One of the defining traits of hegemonic English manhood was the expansive service ideal, which was predicated on the Englishman’s inherent moral superiority and detachment. The notion of detachment was most clearly and influentially articulated by Matthew Arnold in On the Study of Celtic Literature (1867). Arnold’s conceptualization of this inherently English ideal was itself underwritten by the domestic empire within Britain. Arnold, while ostensibly making a case for the preservation of Celtic literature, details the inherently hybrid identity of Englishness. He contends that the “English genius” is a “composite of the Germanic genius, the Celtic genius, the Norman genius” (Arnold 87). Englishness in itself, it seems, does not exist; it is, according to Arnold, the commingling of the best of different racial traits. While the Normans, the Saxons, and the Celts (in particular) possess an essence, a myth, and an eternal spirit, the English possess no such thing, and therein lies their greatest strength.
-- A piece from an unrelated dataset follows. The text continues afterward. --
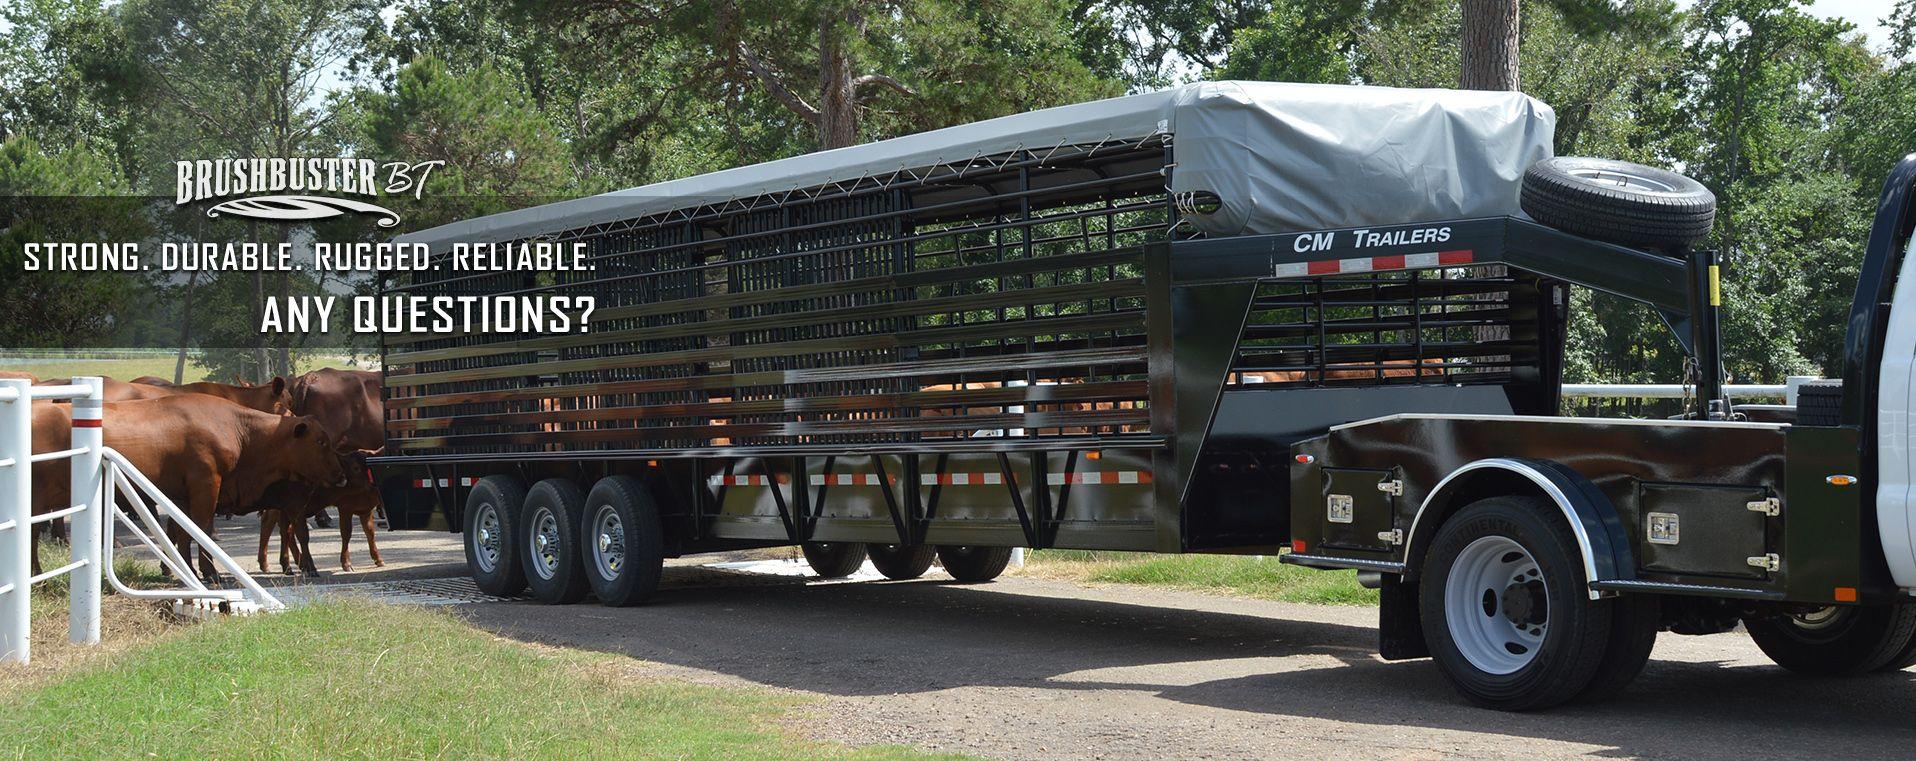 Cm trailers all aluminum steel horse livestock

For Arnold, the absence of an inherent essence allowed the English the privilege of detached observation. As opposed to the Normans, Saxons, and Celts, who were limited by their holistic essence, the English, in the absence of a predetermined cultural and racial memory, could disinterestedly absorb and control the totality of others. Other Europeans, Arnold points out, have noted the Englishman’s inherent self-consciousness, which he asserts is a direct consequence of the “English nature being mixed … while the Latin nature is all of a piece, and so is the German nature, and the Celtic nature” (102). When Arnold talks about the Englishman, he refers to the middle-class or upper-middle-class Englishman; he certainly does not mean the lumpen working-class man. He attributes this self-consciousness to Englishness as an admixture of racial traits produced by a long history of conquest and dominance, where England itself was both conquered and conquering. The Englishman strives to maintain a balance within his contradictory racial heritage, an effort that makes him acutely self-conscious. Here the almost deprecatory self-consciousness is actually a form of self-awareness. Englishmen, as an effect of their history of conquest, possess an inherent balance and detachment that others lack. This detachment and balance, coupled with Saxon pragmatism, ensured that the English were particularly suited for cultural and racial dominance.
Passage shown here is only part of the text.